Шрифт:
Закладка:
Вышеописанные инциденты имели место в ночное время, однако и днем держать комсомольцев в узде было ничуть не легче. Комсомольское руководство в Ташкенте подчас с трудом могло даже разыскать членов той или иной украинской стройбригады: у днепропетровской бригады, к примеру, «не было ни отчетности, ни списка членов» – ничего. На посвященное данному вопросу собрание прораб бригады не явился, и в целом до коммунистической миссии было дело лишь нескольким ребятам[352]. Члены киевской бригады также игнорировали свой комсомольский долг, так что их приходилось «насильно затаскивать» на оргсобрания[353]. Словом, проблема была весьма распространена. Одесская и львовская бригады вообще редко устраивали собрания, а в их отчетах царила сплошная сумятица[354] – в силу высокой ротации в масштабах всего города даже давно уехавшие домой комсомольцы все еще числились работающими на ташкентских объектах[355].
Документы 1966 года дают представление о том, насколько непросто было уследить за строительными бригадами, но не объясняют, однако, столь явной озабоченности списками рабочих. В более поздний период путаница со списками членов бригад связывалась с типичной для советской системы коррупцией. В 1985 году при пристальном изучении состава украинских стройотрядов было выявлено, что нередко один и тот же человек числился в одновременно в разных бригадах, или же командир приписывал бригады к неутвержденным объектам и попросту прикарманивал выделяемое финансирование. Командир еще одной бригады добавил в список своих родственников, а в списке одной бригады в Донецке обнаружились двое местных жителей, воспользовавшихся случаем, чтобы съездить в Сахалинскую область и обратно[356]. Документальных подтверждений тому не сохранилось, но нечто подобное, вполне вероятно, имело место и в Ташкенте.

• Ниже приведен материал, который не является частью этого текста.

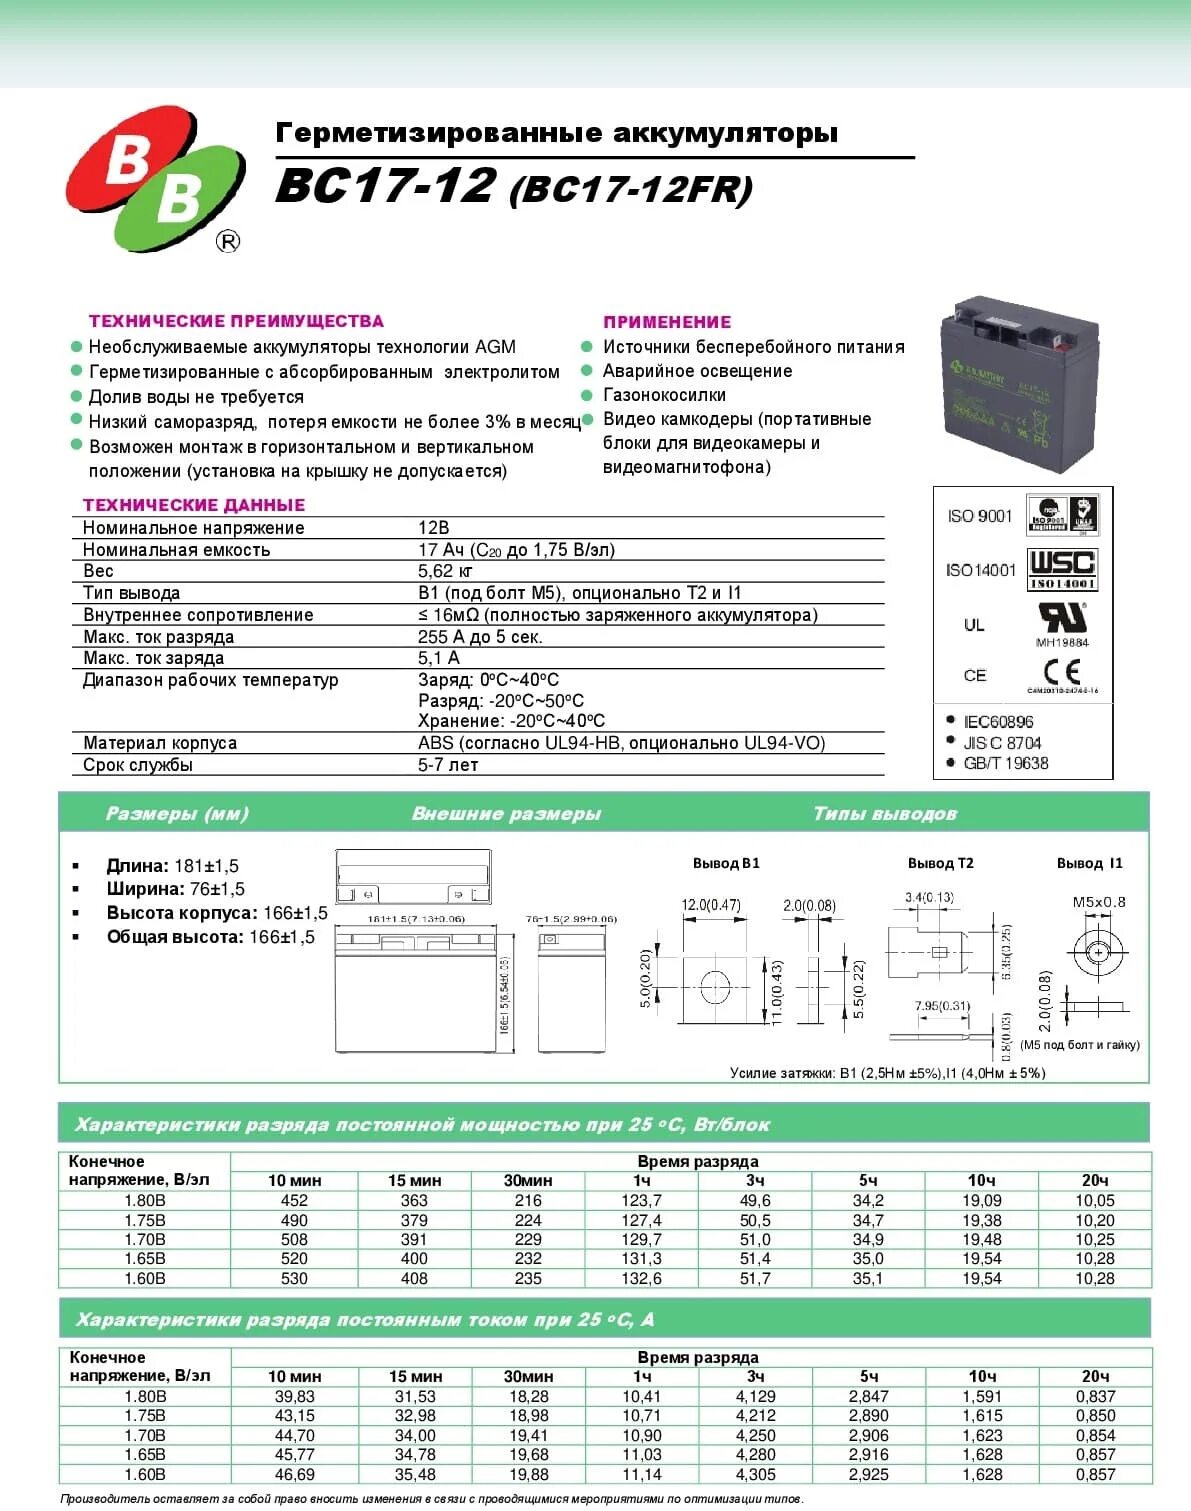 B b battery 12 12. Аккумуляторная батарея BB Battery bc12-12. Аккумуляторная батарея BC 17-12. Батарея аккумуляторная BB Battery bc17-12 напряжение 12в. Bc17.

С учетом столь нерегулярной посещаемости собраний, нет ничего удивительного в том, что политпросветительская составляющая миссии терпела полнейшее фиаско. В атмосфере триумфа, в которой проходило воссоздание города, можно было ожидать, что молодежь воспримет возложенную на нее миссию с особым энтузиазмом; и тем не менее устроители различных мероприятий неустанно жаловались, что клубы не собираются, а красные уголки, предназначенные для пропаганды коммунистических ценностей, игнорируются. Были жалобы и на незначительные проступки вроде удаления футболиста с поля, обсуждать которые в дальнейшем никому в голову не приходило[357]. Но в большинстве жалоб прямо говорилось о неспособности привить молодежи надлежащие коммунистические ценности. «Воспитание масс», согласно чаяниям комсомольского руководства, следовало привести к известным стандартам, но командиры бригад заявляли, что инициатива должна исходить от самих работников[358]. В комсомольской верхушке рассчитывали на просмотр кинофильмов, посещение спектаклей и туристические вылазки, а сверх того желали, чтобы в стройотрядах устраивались лектории по интересующим молодежь темам[359]. Данные замечания относятся к началу 1967 года, но уже в конце 1966-го активные члены комсомола организовывали подобные программы, ни одна из которых популярности не снискала. К примеру, явка на организованный в знак солидарности с вьетнамским народом добровольный воскресник была столь низкой, что организаторам пришлось обязать комсомольцев явиться на следующий[360]. Командир харьковской бригады пытался договориться об общем собрании с некоторыми из своих ста пятидесяти рабочих, но договариваться с каждым в отдельности было невозможно. К ноябрю 1966 года мероприятие все еще планировалось, поскольку командир нуждался в партийной поддержке и понятия не имел, как именно такое комсомольское оргсобрание проводить. Оно и понятно: объекты отнимали слишком много времени, чтобы беспокоиться еще и о посещении собраний[361]. И во всех подобных случаях недисциплинированности или низкой явки молодые люди принимали решения, на которые партия совершенно не могла повлиять.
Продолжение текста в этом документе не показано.